Real estate prices rose drastically from 2002 to 2008 in Poland. Between June 2006 and June 2007 the average price of one square metre of residential area in Warsaw rose from 6,683 PLN (1,636 EUR) to 9,540 PLN (2,519 EUR), or 50% in euro terms.
A peak in prices occurred in autumn 2008 as the average price of a square meter of residential space in Poland started to drop by 5% in nominal terms or 10% per year in real terms.

In Warsaw, Poland's capital city, the average price per square meter declined from 9,000 PLN (2,500 EUR) in 2008 to 7,400 PLN (1,850 EUR) in 2013.

In early 2007, it can be argued that the Polish property market began to show the early signs of a property bubble:
- banks increased loan periods from 30 to 50 years to extend credit limits;
- an increasing uptake of debt in family budgets;
- increasing interest rates;
- the Polish economy showing signs of overheating in a reduction of the GDP growth rate to 1.5%; and
- a stagnation of prices and dramatic drop of sales in a long period of time with dynamically increasing supply of residential properties.

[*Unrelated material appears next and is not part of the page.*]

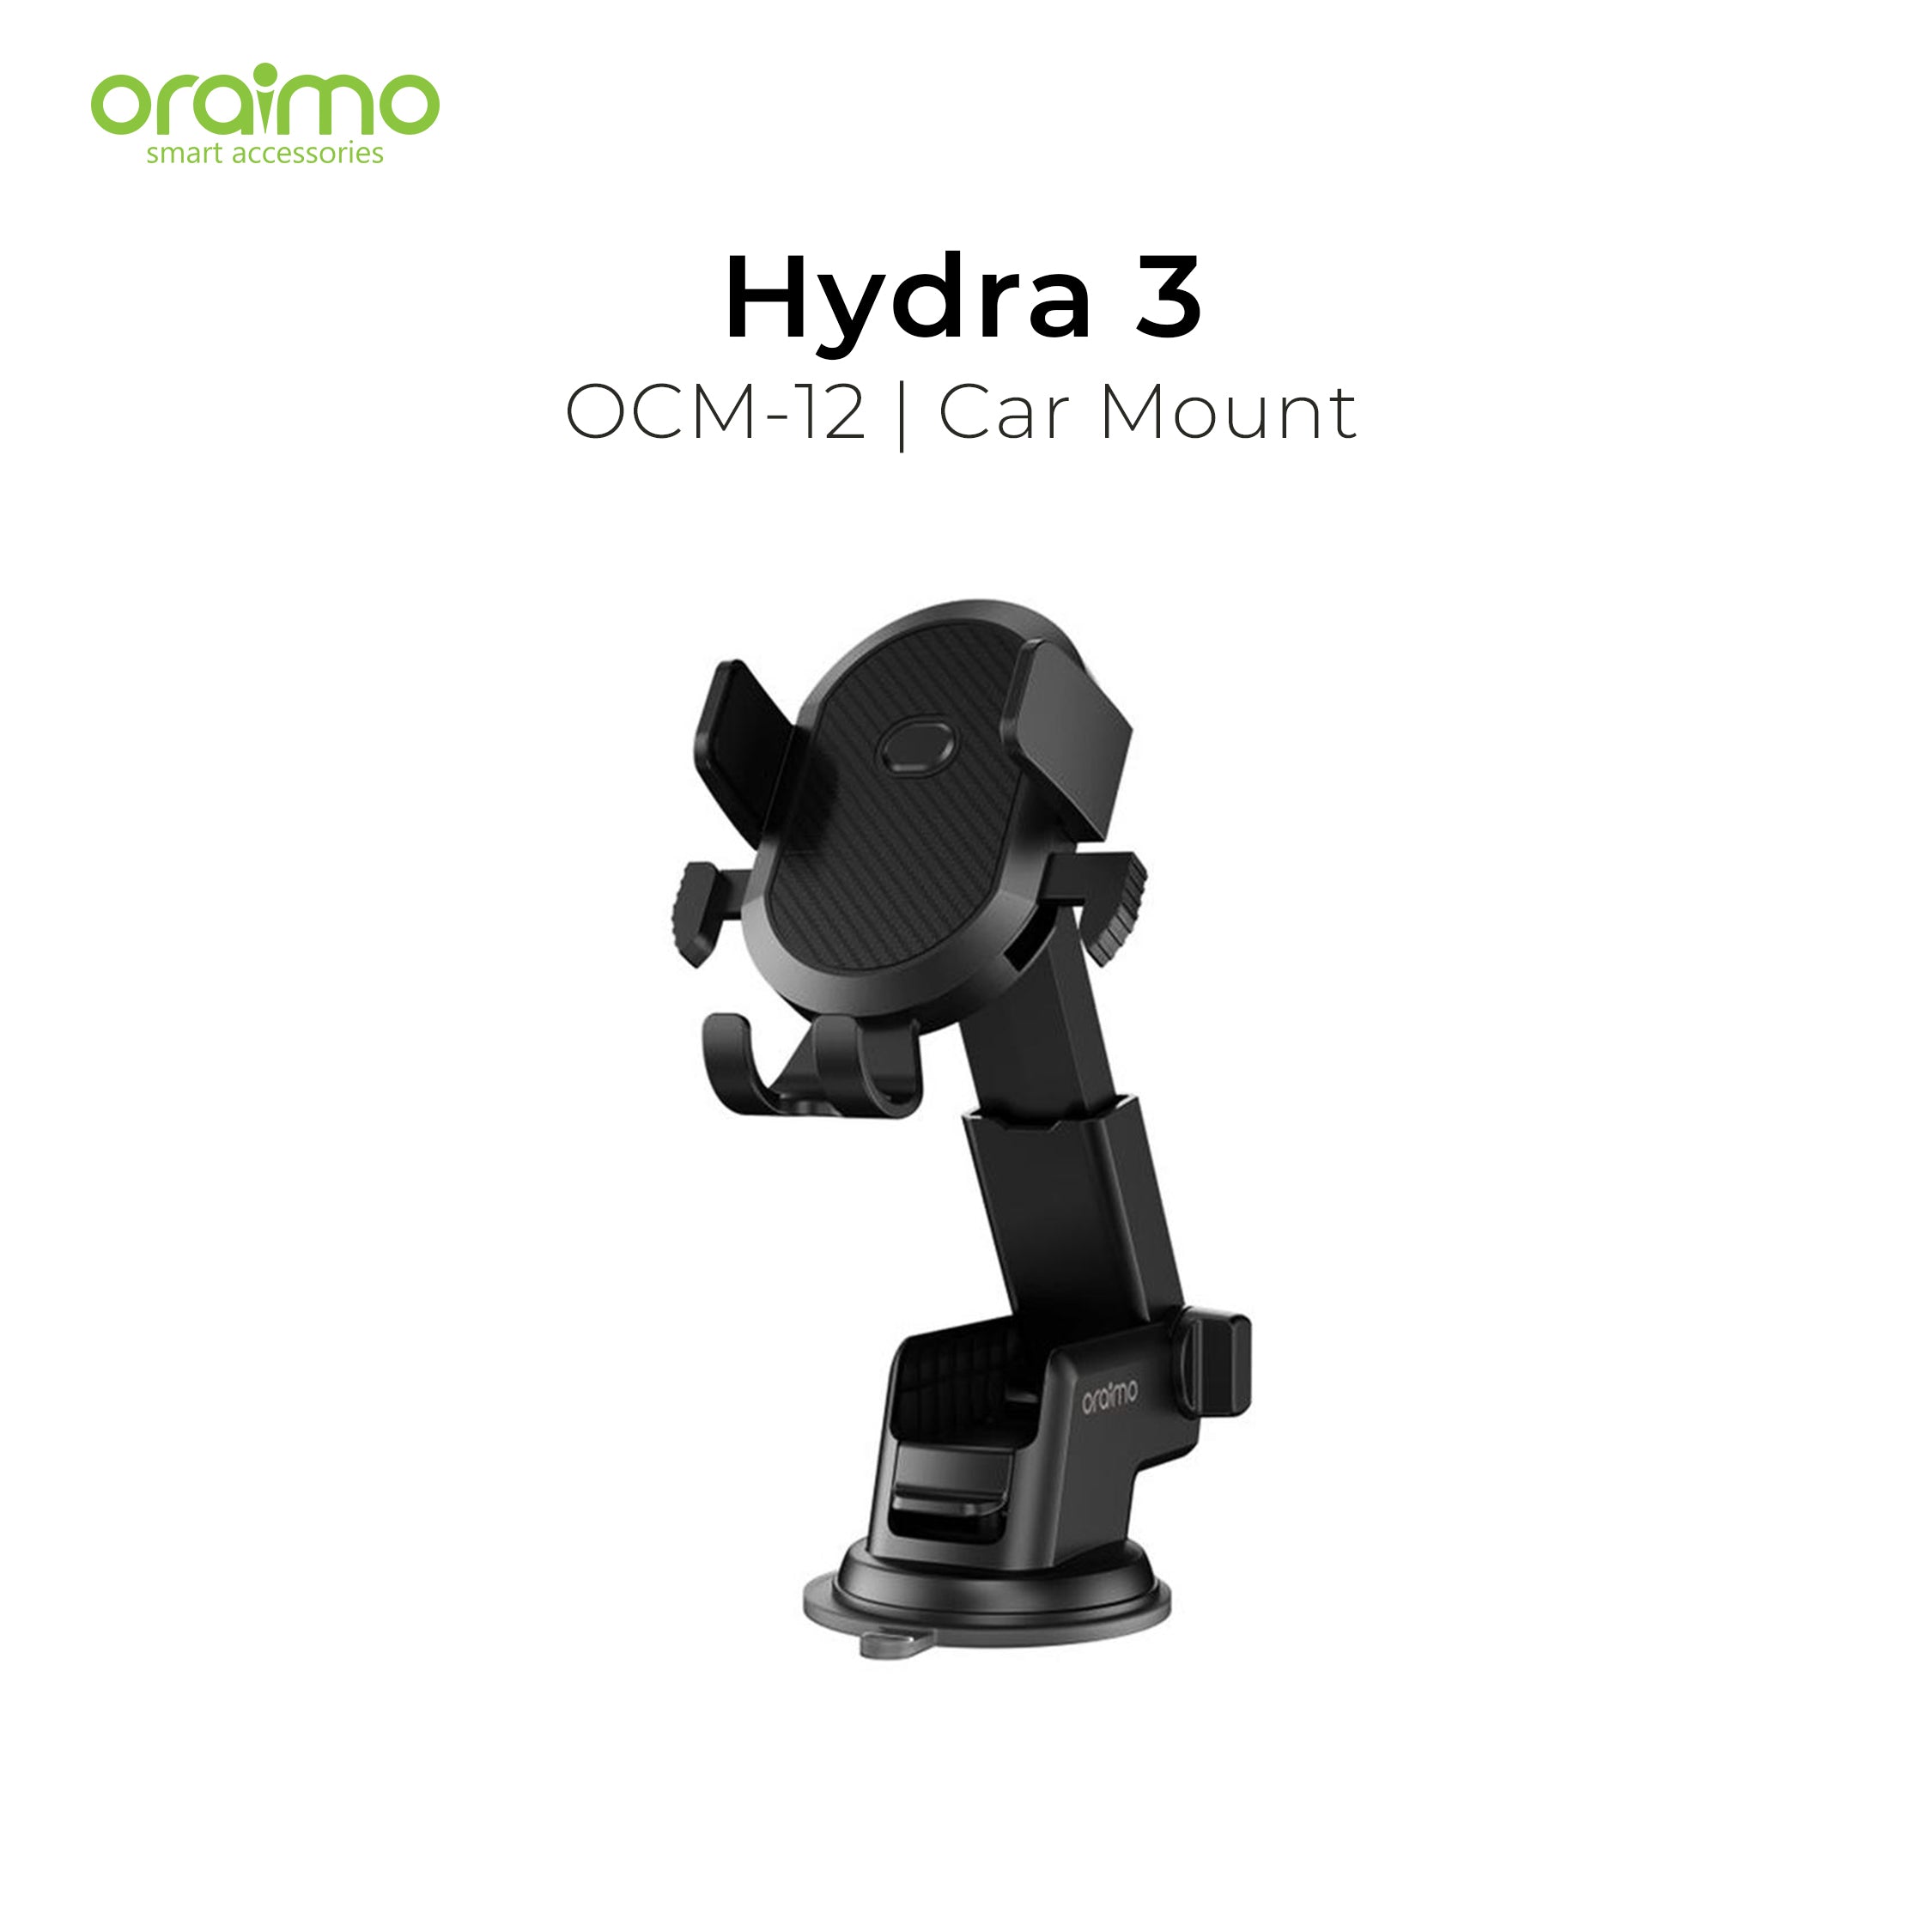 Oraimo Hydra 3 Car Mount OCM-12

As of 2013, house prices in Poland have been falling since mid-2008. Compared to pre-crisis peaks:
- House prices in Warsaw are down by 13.1%
- In Kraków, house prices are down by 17.9%
- In Poznań, house prices have fallen by 28%
- In Gdańsk, house prices plunged by 27%
- In Łódź, property prices plummeted by 35.7%

The arguments for further real estate price rises or stabilization are:
- a rapid increase of salaries - around 8% per year;
- low figures of both housing estate area and apartments per person, compared to other developed countries worldwide;
- money repatriated by Poles who have emigrated;
- rapid urbanization - the population of rural areas and small towns is declining rapidly, while the population of major urban areas is increasing quickly;
In addition, Warsaw has a population of only 2 million people – approximately 5% of the whole of the country – which is very low for a capital city. Poland is also one of many countries with a rather high house price to income ratio (13.58) and an estimated rental profitability between 3.92% to 4.31% for residential units.